It’ll Do – Hot Air Baloon

23 Nov

It’ll Do

Copyright William J. Conaway, 1989


Anyone knows that hot air will rise; Thad Holtzer decided he would build a hot air balloon.We thought that it was a good idea, but his wife, Berenice didn’t. Thad is a determined person. He worked a farm for his dad, east of Cherryville. It wasn’t exactly the best land and it sure didn’t have all the best equipment. He was supporting his folks as well as his two kids.

He was a serious sort. Outside of stopping in for an occasional beer and going to church Wednesday nights and Sundays, he never got much recreation. We at the bar agreed that flying in a hot air balloon certainly came under the heading of recreation!

“Thad, buddy, you don’t know jack-shit about running one of those things, do you?” said J.C. as he lined out what could have been a balloon in a beer puddle on the bar”.

Nope, but it can’t be too hard to learn. I mean, what do you have to know about floating around?” He put Berenice to work sewing it. It turned out to be a patch-work quilt balloon.

Thad came into the It’ll Do on a Thursday afternoon. He said the necessaries to everyone and smiled over his dark beer.

“I figure to go up in my hot air balloon tomorrow, and I’d like for all of you to be there. You’ve always been good to me. I want you all to come to see me off”.

Mavis said that if Montgolfier could do it, she would bet that Thad could, Alice Mae cried.

In the back room J.C. was giving three-to-one that it wouldn’t get off the ground. We all agreed to meet at the farm the next morning, when it was cool and the balloon would have a better chance.

He shouldn’t have tried to take his dog, Jethro, up with him though—if he hadn’t, there might not have been any problem.

Jethro was just about as good a farm dog as a person would want—he was more-or-less yellow in color and big enough that you didn’t have to worry about him. We didn’t think he’d be any good up in the air, though. That may not be fair: as far as any of us knew he had never been further up in the air than when he jumped up to catch a fly or moth. In any case, it was Thad’s responsibility—it was his hot air balloon.

When the sun came up Thad had already laid out his hot air balloon on the ground and had connected up the burner for it, his welding outfit. There were only two problems: it’s not easy to fill up a gunny sack with hot air, and it’s not easy to get a big dog, like Jethro, into it. But it got done.
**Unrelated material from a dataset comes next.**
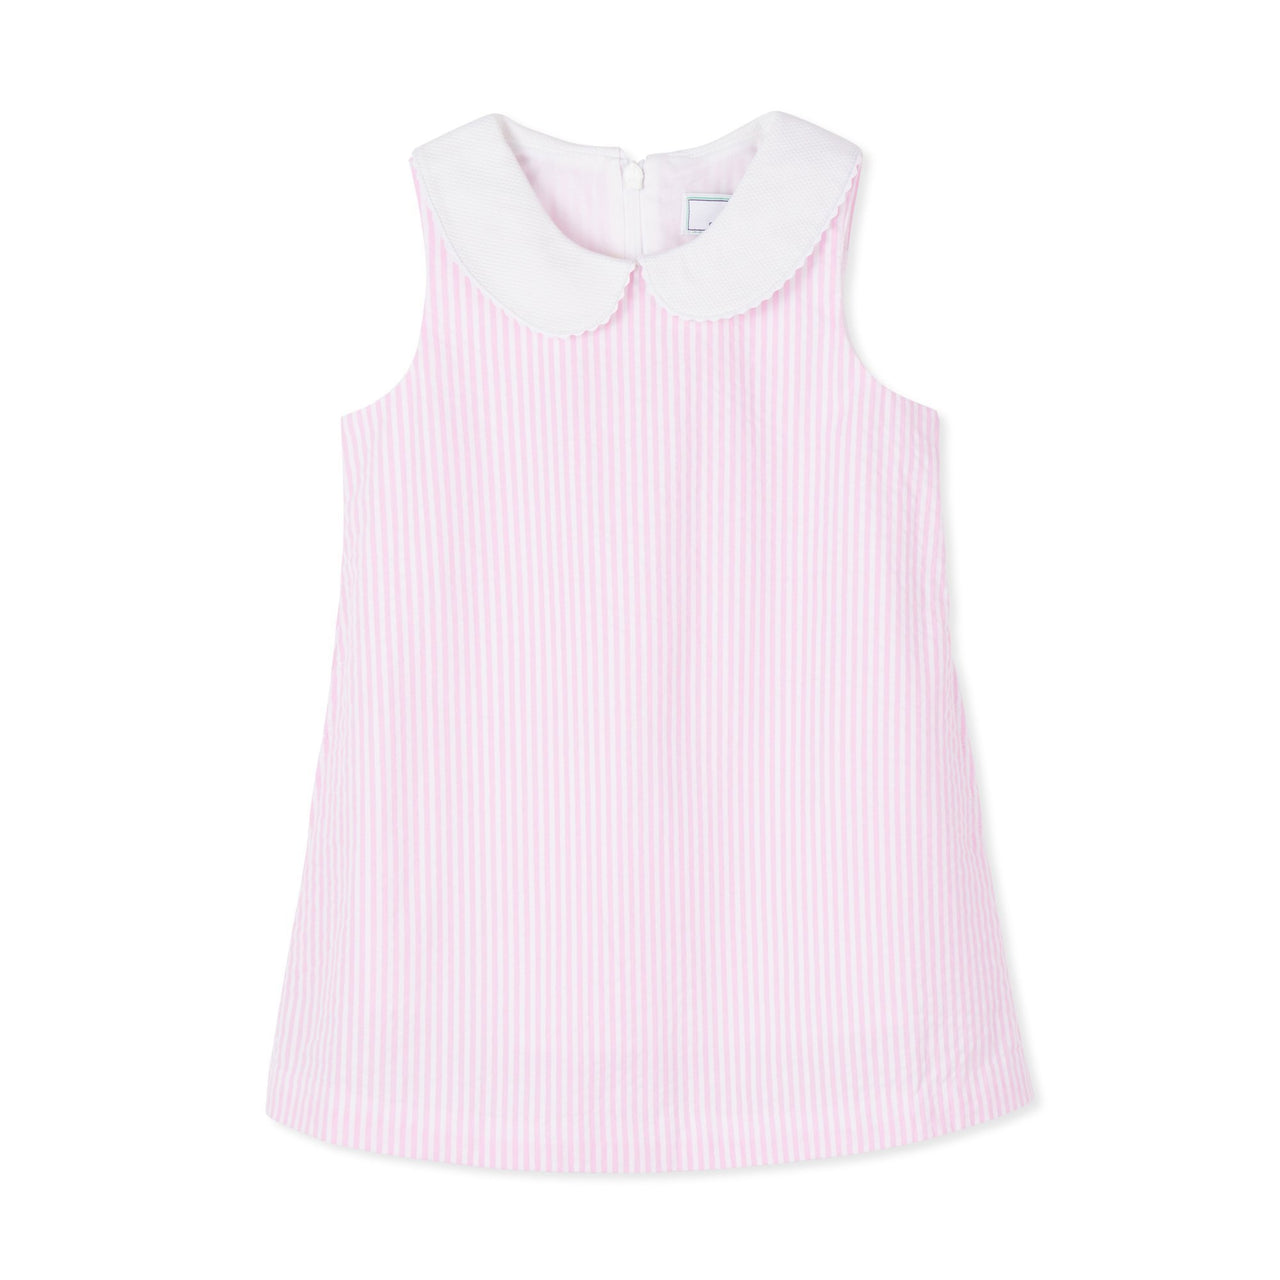 Maddie Dress - Pink and White Seersucker

So a little before noon they took off together. They went right up and drifted off to the East. Lake Fenian is over that way. Not since Vera and I had sank in the submarine has any of our crowd been out to the lake. There they went, and I want to tell you that there has never been a prettier sight in Cherryville.

Jethro was barking and Thad was standing there in the basket as proud as if he’d just had twins. Jethro, of course, didn’t know very much about flying—and he took a mind to jump out. This could have been serious, but they were directly over Lake Fenian.

We all saw Jethro go—he sailed out of the hot air balloon like he was going home and he landed in the lake, and there’s one thing about Jethro—he can swim.

When Jethro left, the balloon must have jumped up a good thousand feet. That left Thad floating around up there all alone. The last Berenice heard, he was somewhere over Nebraska.